The task: Would you write out the listing verbatim and skip every picture in it?

Dataset content:
*** Block opens ***

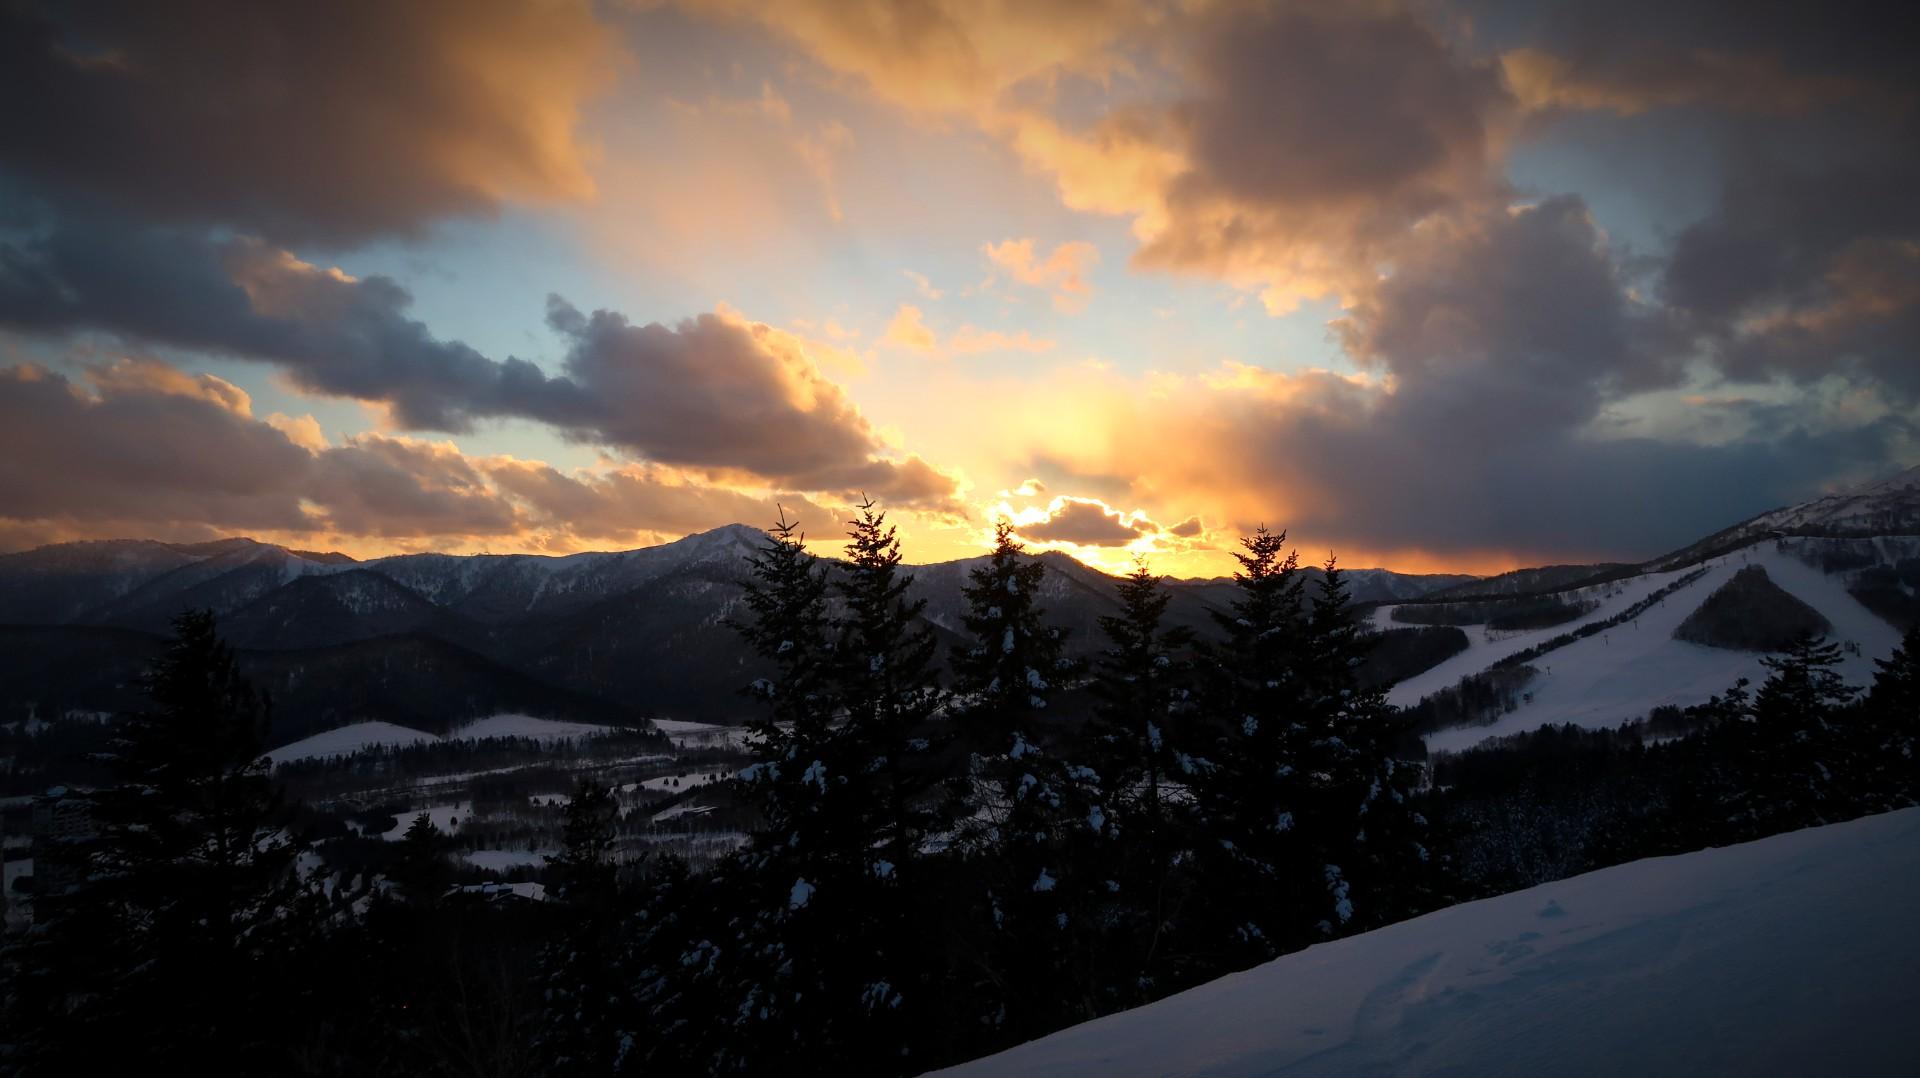 tomamu ski resort hokkaido japan study abroad school trip educational tour
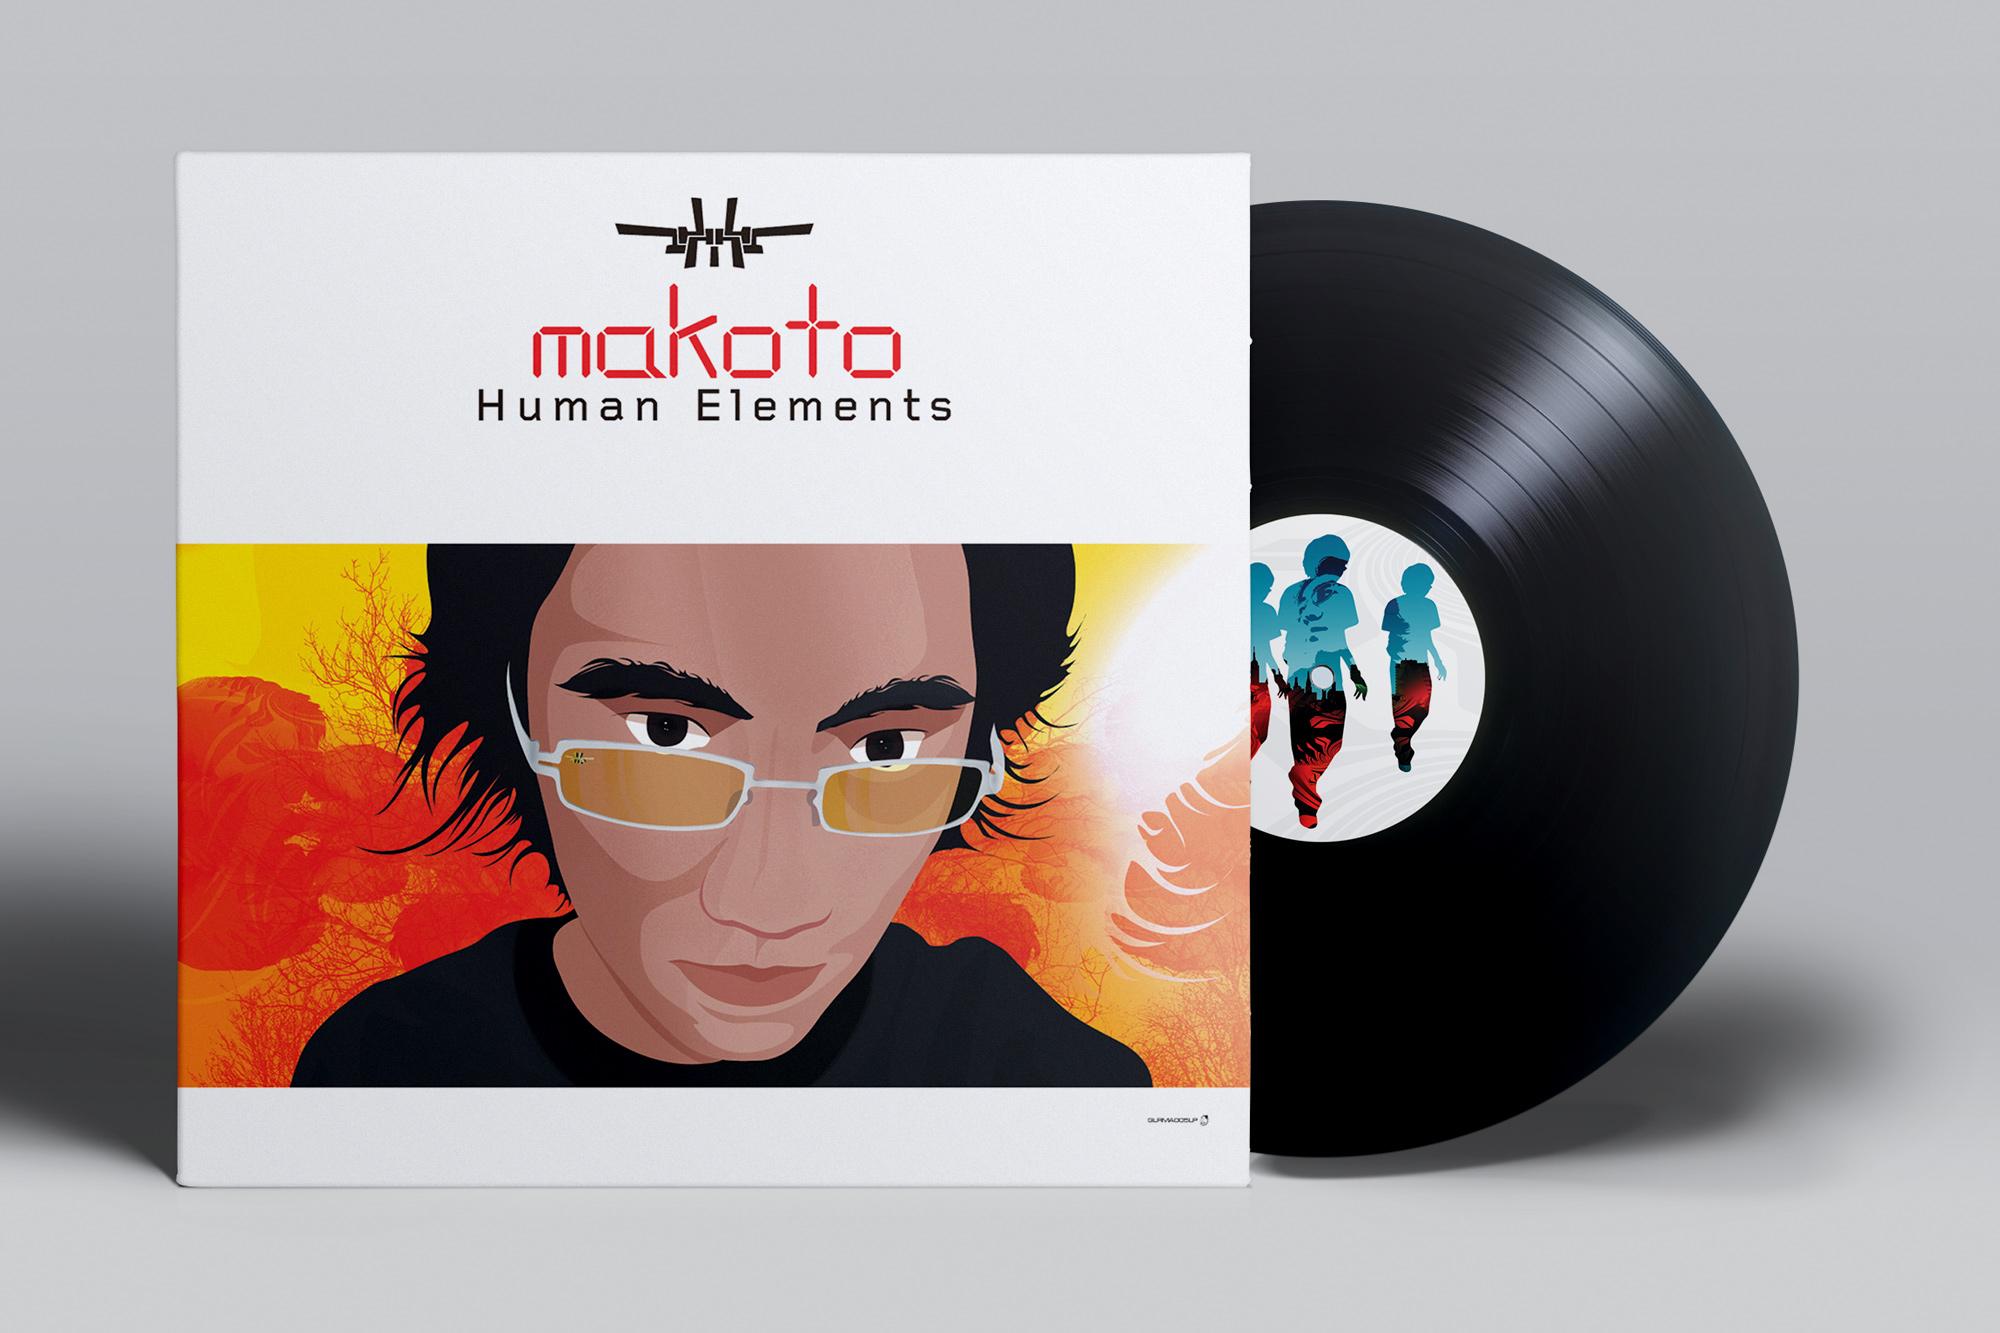 gpj-studio-glr-makoto-human-elements-05
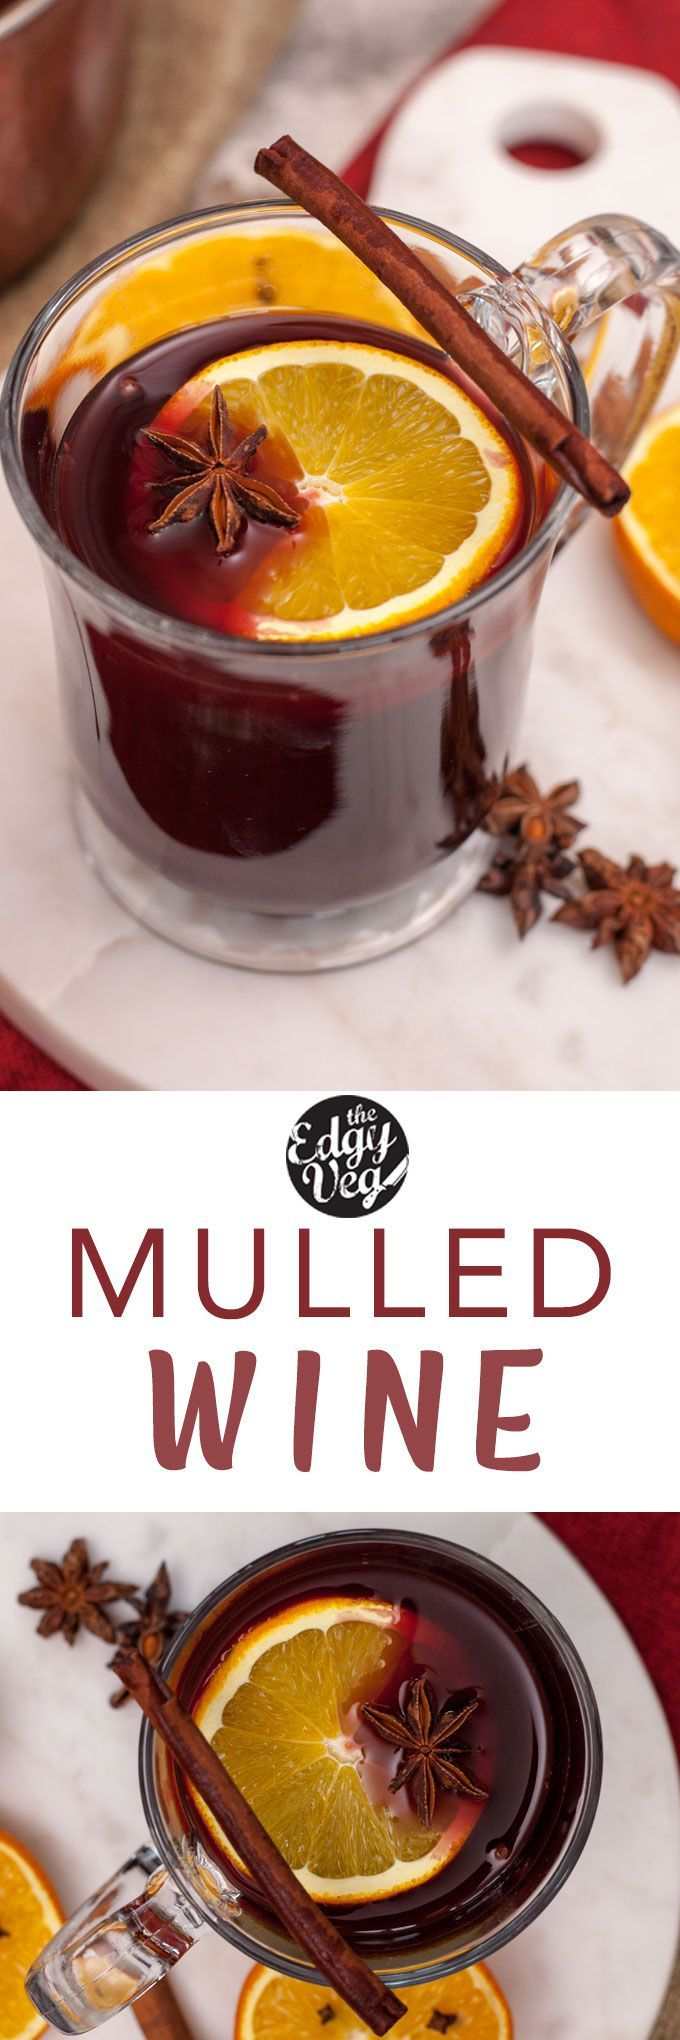 Traditional German Hot Mulled Wine Gluhwein Recipe

*** Block closes ***

Answer to this task:
 tomamu ski resort hokkaido japan study abroad school trip educational tour
 gpj-studio-glr-makoto-human-elements-05
 Traditional German Hot Mulled Wine Gluhwein Recipe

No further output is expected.